The soldiers prepare to give the death blow to the three men hanging on
the crosses of Calvary. Christ and the
two thieves are now suffering the worst torture of crucifixion, the final
suffocation, as they use up all their available remaining strength to pull
themselves up a few inches so that they can take another breath. They can do this only for so long, before
they are unable to summon up enough strength to raise the full weight of their
bodies. When this happens, they will be
unable to snatch even the smallest of breaths and they will die. But it’s taking too long. The soldiers want to get back to their
barracks before the storm breaks, and they take out their heavy wooden hammer
to break the legs of the three men.
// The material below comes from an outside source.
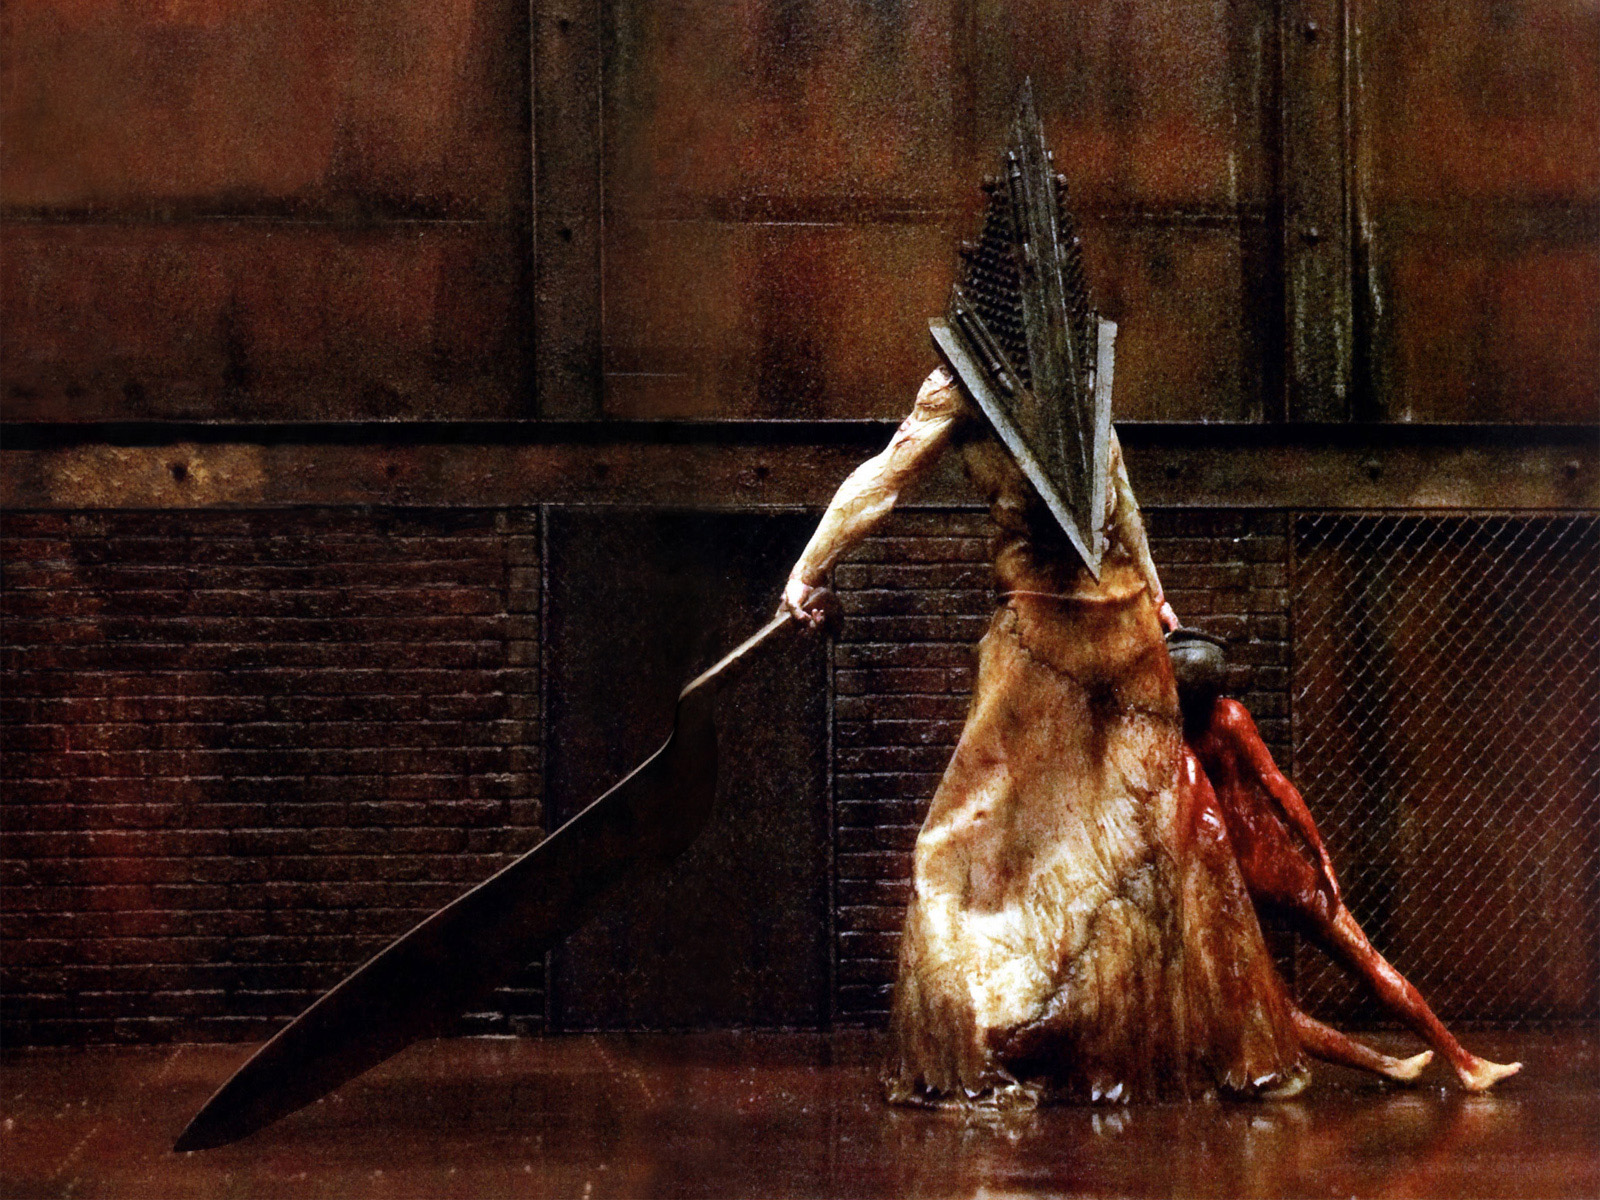 Melhores papéis de parede de Silent Hill para tela do telefone

This
will prevent them from being able to continue raising themselves to breathe. It will kill them. Meanwhile, the clouds continue gathering, and
the heavens turn black. The sun is
hidden behind the blackness, and all the world falls into darkness. At this moment Our Lord breathes his last
words: “It is finished,” and expires on
the Cross.
Imagine the great flash of
lightning suddenly illuminating this scene of horror, silhouetting the figures
of the Blessed Mother and St. John, who gaze up with the dawning realization
that Our Lord has stopped moving, stopped breathing. That he is dead. Simultaneously, a gigantic clap and roll of
thunder blots out the dying cries of the two thieves as their legs are smashed to
pieces by the soldiers’ hammer. The Romans
now shove the Blessed Mother to one side so they can finish off Jesus. But finding him already dead, another soldier
pushes his long spear into Our Lord’s side, just to make sure. Blood and water flow from the side of Christ,
mixing with the rain as it starts to pelt down in huge drops over the Cross.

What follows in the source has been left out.